Supplementary Materials
Data Availability Statement
Raw images, metadata and deep-learning-derived embeddings for rxrx3 are available at https://rxrx.ai; however, the majority of gene identities are currently masked due to commercial considerations. Due to contractual obligations with partners, Recursion is unable to share additional data underlying the rxrx3 analyses or the bulk RNA sequencing in Fig. 2f. cpg0016 is available as part of the JUMP Cell Painting datasets available from the Cell Painting Gallery on the Registry of Open Data on Amazon Web Services at https://registry.opendata.aws/cellpainting-gallery/. The scRNA-seq datasets are available through scPerturb (https://scperturb.org/). The DepMap data are available at https://depmap.org/portal/download/all/. The JUMP CP data were downloaded from S3 using python (1.22.3) and pandas (1.4.2) at https://registry.opendata.aws/cellpainting-gallery/. The hg38 gene locations and annotations were downloaded from the University of California, Santa Cruz Genome Browser at https://genome.ucsc.edu/cgi-bin/hgTables.

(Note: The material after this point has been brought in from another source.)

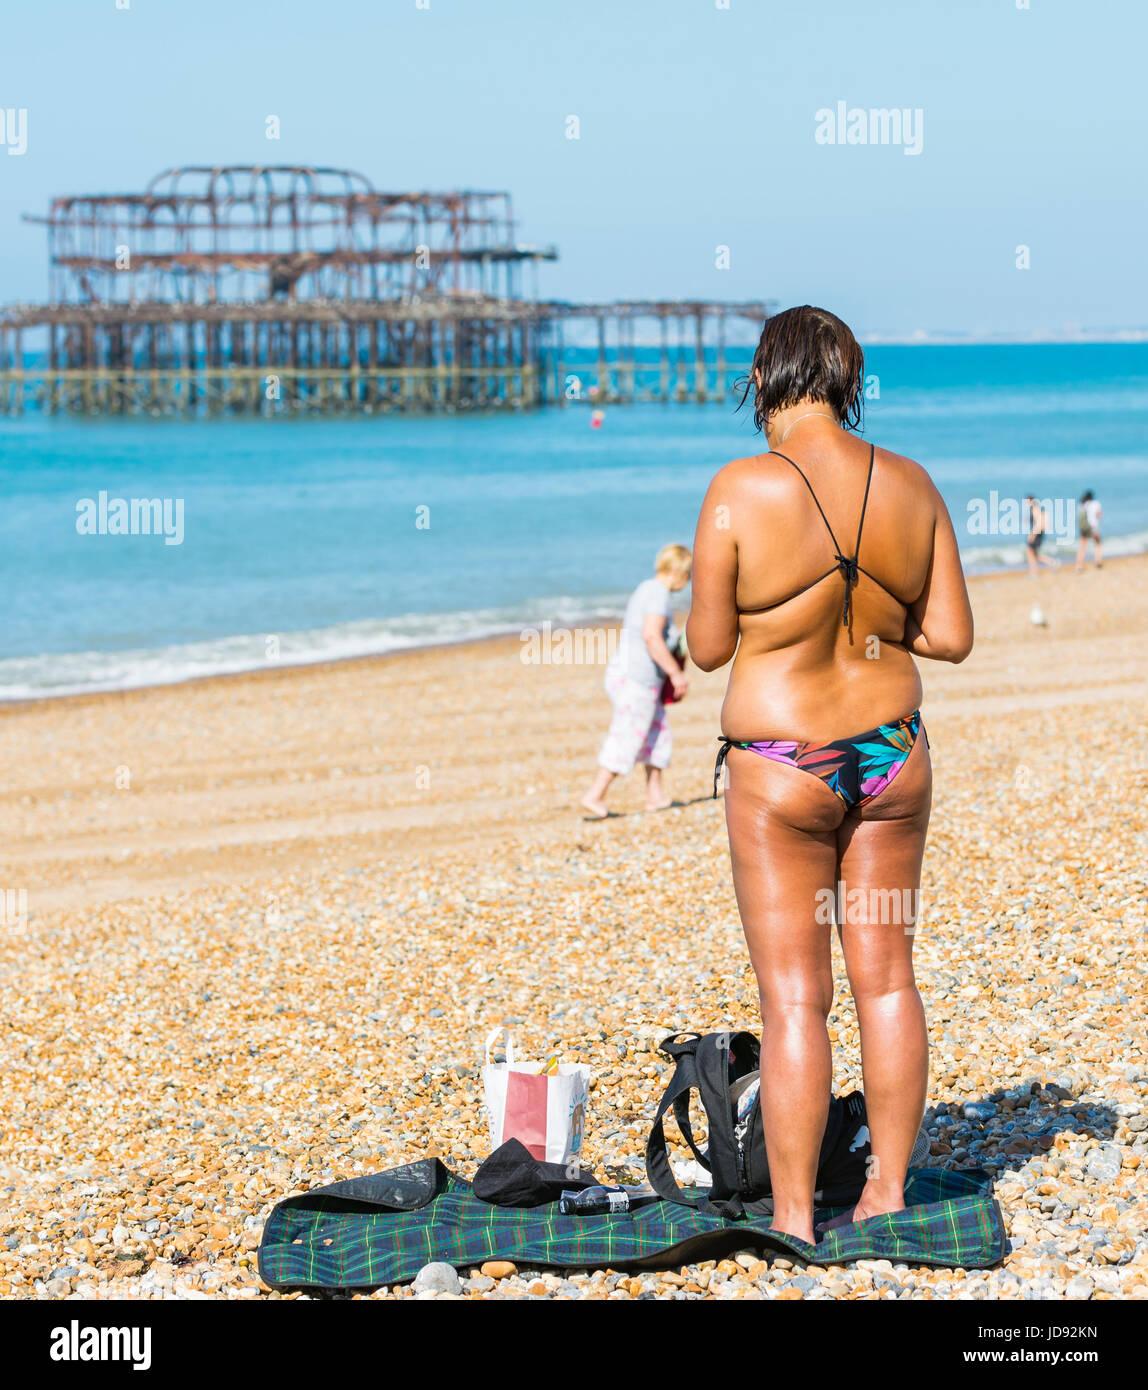 Sommer-Konzept. Stark gebräunt Frau im Bikini stehen am Strand an einem heißen Sommertag in Brighton, Stockbild

The shinyDepMap data were downloaded and processed using R (v4.1) at https://depmap.org/portal/download/all/. The files containing scRNA-seq AnnData objects for two CRISPR–Cas9 and three CRISPRi screens were downloaded from Zenodo at https://zenodo.org/record/7416068 (ref. 74). Source data are provided with this paper.
The Python-based data analysis source code to reproduce plots from public datasets is available at https://github.com/recursionpharma/proxbias and Zenodo at 10.5281/zenodo.10795539 (ref. 75). Due to contractual obligations with partners, Recursion is unable to share code to reproduce plots from the rxrx3 data or Fig. 2f.